Однажды отец Иов, который учился в Псковском духовном училище, пересказывал курс лекций по русской церковной истории и говорил, отвечая на чей-то вопрос, так:
– До 17 века, собственно говоря, богословия как такового на Руси не было.
– И это хорошо, – добавил он, косясь в мою сторону. – Верить надо, а не думать.
И хоть и был завален отец Иов всевозможными дарами, подтверждающими, что он не последний человек в этом монастыре, а может, и в мире, но все-таки часто ночами не спал он, отдаваясь в эти часы всякого рода размышлениям. Все больше о его горестной судьбе были они, эти самые размышления. О том все больше, что жизнь и прежде была непонятной и сомнительной, а теперь же стала непонятной и сомнительной вдвойне. О том еще, что от Небес давно уже не было никакого вразумительного знака, который мог бы помочь или хотя бы объяснить – куда тебя несет и что ждет нас в конце, о котором мы тоже ничего не знаем.
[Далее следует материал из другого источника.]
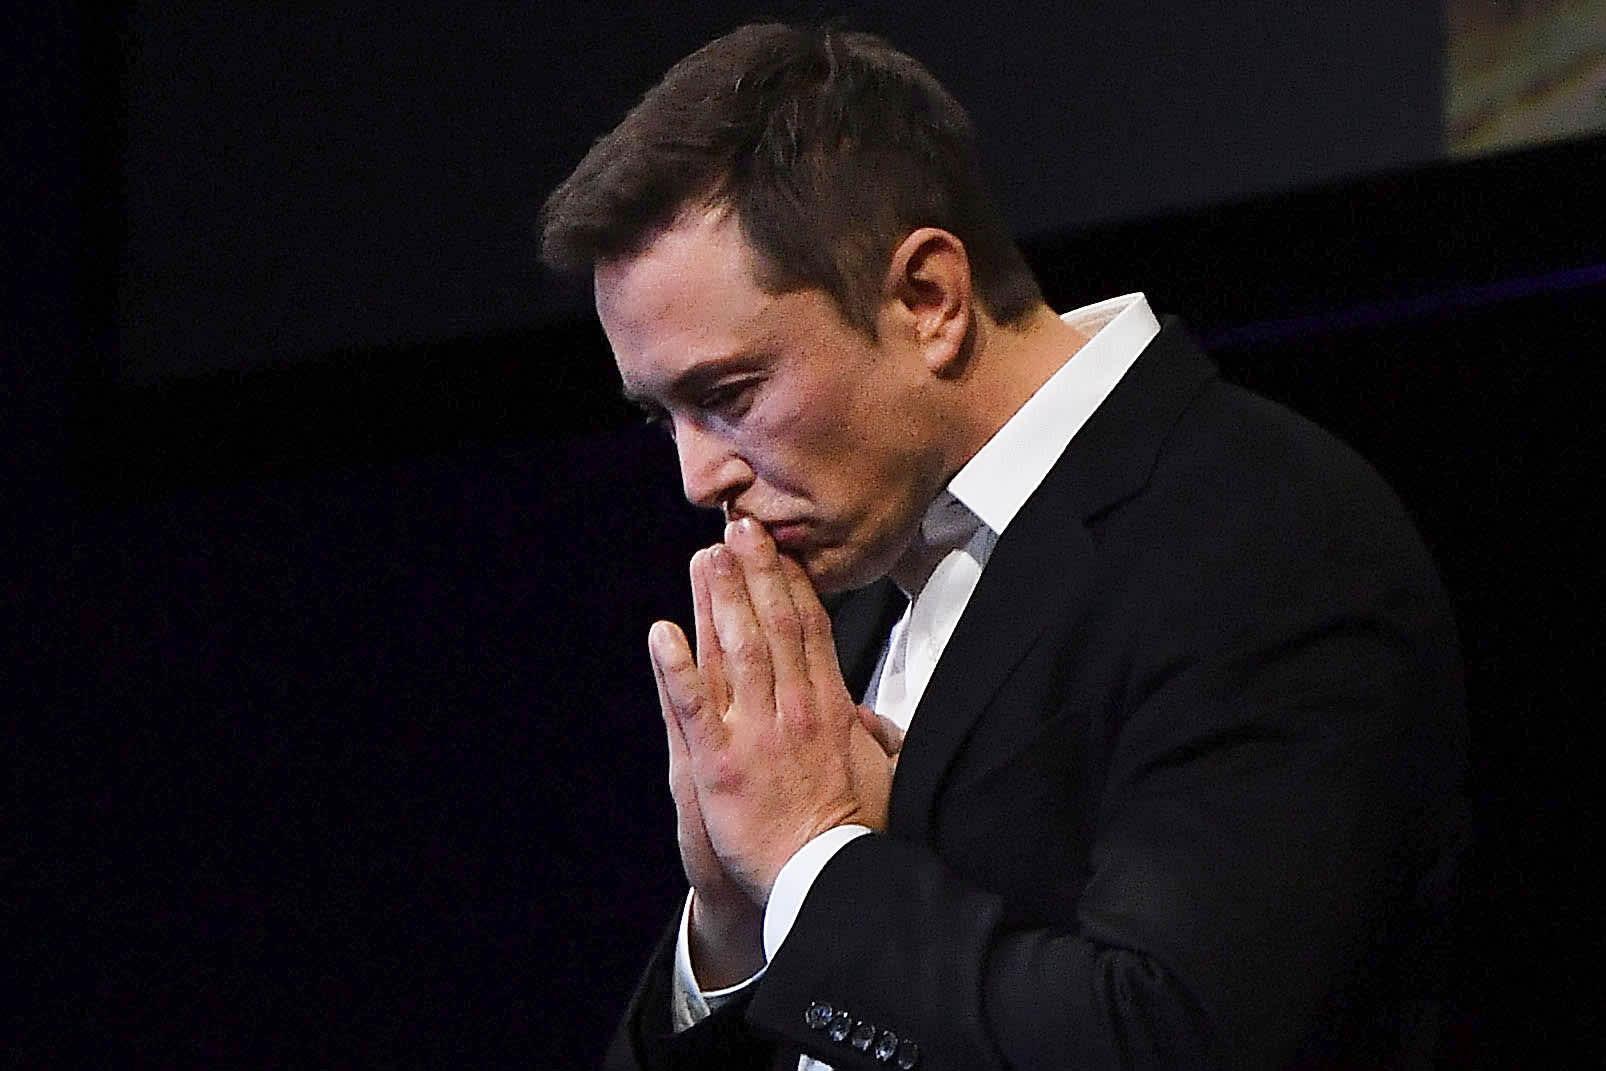 Мошенники, выдавшие себя за Илона Маска, похитили миллионы долларов

Некоторые сны снились отцу Иову по нескольку раз.
В последнее время снился ему сон о деньгах. Будто он стал чрезвычайно богат, да к тому же еще взял да и пролез в игольное ушко, а для того, чтобы никто не сомневался в этом, взял и пролез через него еще один раз.
И еще один сон имел место – сон про чудо превращения вина в воду. Был этот сон весьма своевременен, потому что местные трудники если пили, то пили безмерно и основательно, не останавливаясь до тех пор, пока не явился перед ними сам отец Иов и, видя печальное их положение, не обратил всю окрестную водку в воду, за что трудники его боготворили и кричали при виде его «Ура».
Сцена.
Отец Иов, отец Фалафель и Сергей-пасечник в Третьяковской галерее. Пасечник что-то рассказывает, благо, что он закончил ко всему прочему еще и искусствоведческий факультет МГУ, между тем как по ходу его рассказов отец Иов становится все мрачнее и мрачнее и, наконец, останавливается и, развернувшись, быстро идет к выходу.
– Что это с ним? – удивленно спрашивает Пасечник.
– А ты не знаешь? – говорит отец Фалафель.
– Ну, не до такой же степени, – возражает Пасечник, вызывая громкий смех отца Фалафеля.
А со стены на них укоризненно смотрят все восемьдесят заседающих членов государственного Совета.
Страшен был год 1918, но 1919 был, по свидетельству очевидцев, еще страшнее.
Мела поземка по ледяному насту, кружила метель, заметая еще видные тропинки и дорожки, подступали к самой дороге ранние сумерки, ржали лошади, увязая в снегу или скользя по предательскому льду, когда отряд только-только сформированных при городском райкоме чоновцев, перейдя мост, остановился в виду ближайшего монастыря, чьи золотые маковки слабо мерцали даже сквозь кружащую изо всех сил метель.
Возглавлял отряд странный человек с винтовкой за плечами, в длиннополой солдатской шинели, валенках и в двух треухах, повязанных один на другой. Был этот человек уже немолод, носил очки, и взгляд его из-под мокрых стекол был печален и, казалось, видел насквозь все, что происходит вокруг. Впрочем, если бы не этот быстро тающий на стеклах очков снег, то можно было бы подумать, что хозяин очков беззвучно плачет, отворачиваясь от едущих за ним всадников и опасаясь, чтобы кто-нибудь не увидел текущие по его щекам слезы.
Человека с печальным взглядом звали Моисей Грозенбах. До 1905 года он был учителем в начальной гимназии, а потом примкнул к революции и вскоре стал профессиональным революционером, которого бросала судьба по всей России, а в начале 1919-го занесла в этот маленький городок на Украине, где по заданию партии он занимался сначала продовольствием и армейскими поставками, а потом организовал первый чоновский отряд, запомнившийся современникам, главным образом, количеством крови, пролитой ради светлого будущего всех униженных и оскорбленных.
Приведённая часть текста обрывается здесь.